In 2019, Albert [13] has investigated the use of AI tools such as chatbots, screening software, and 
task automation, in the recruitment and selection of candidates by the companies. On a similar lines, Weinert 
et al. [14] have also examined the use of AI techniques for selection and assessment of human resources by 
the companies, and various challenges involved it. In 2019, Nawaz [15] has explored the application of face 
detection for recruitment process. He has demonstrated the use of principal component analysis techniques to 
detect duplicate faces and thereby enabling the detection of duplicate applications. 

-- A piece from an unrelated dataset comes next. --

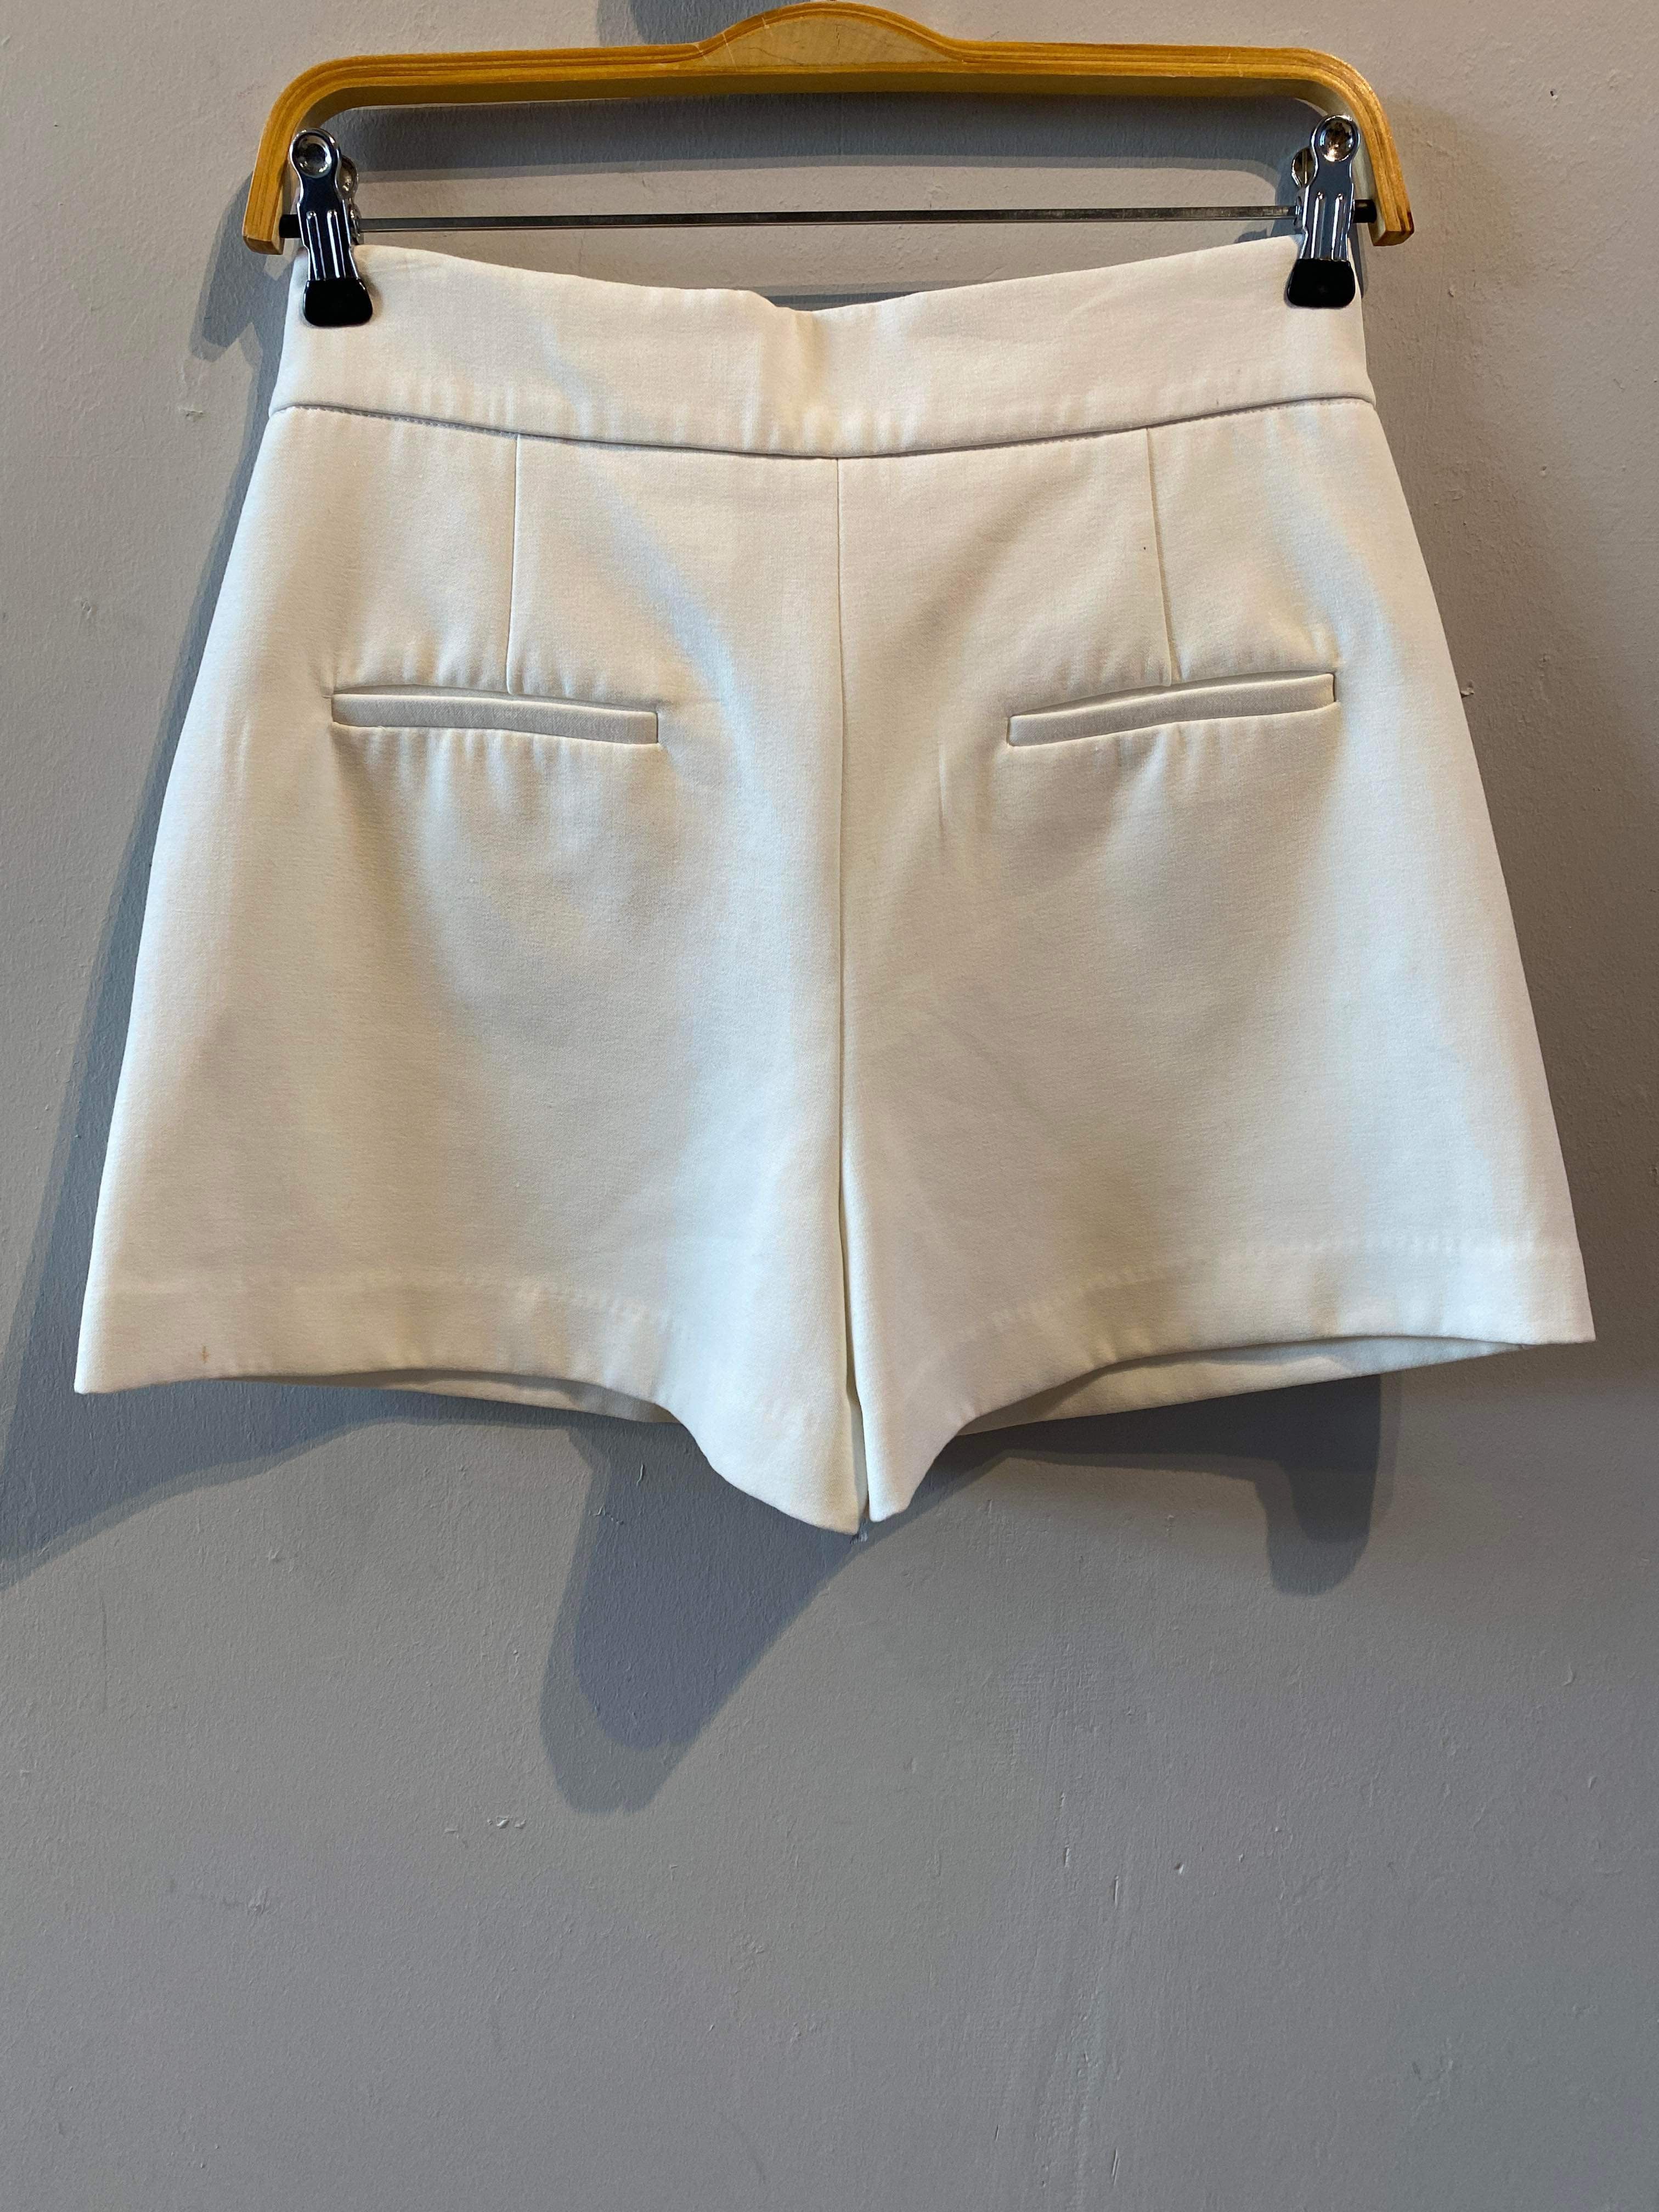 Zara - Shorts - Size: M

In 2019, Nawaz [16] has examined the use of AI techniques on the recruitment effectiveness of the 
software companies. The study uses a data-set containing a structured questionnaire from 100 human resource 
professionals. In 2019, Esch et al. [17] have worked on how the potential candidates regard the use of AI in the 
recruitment process and is there any influence on the likelihood of applying for a job by potential candidates 
due to use of AI in recruitment. They show that the novelty factor of using AI in the recruitment process, 
mediates and further positively influences job application likelihood. 


3. FACE DETECTION SYSTEM FOR SCREENING OF APPLICATIONS 

Figure 1 shows the block diagram of complete face detection system implemented by us. A photo 
uploaded by an applicant will be fetched and fed as input to face detection algorithm. If a face is detected by 
the face detection algorithm, then the application will be accepted. If a face is not detected by the face detection 
algorithm then that photo will be added to the list of images that have to be manually inspected. The list of such 
images is made available on the screening portal with a provision for screening personnel either to accept or 
reject such applications. The screening personnel will manually inspect and accept the application if the photo 
is proper or else reject the application.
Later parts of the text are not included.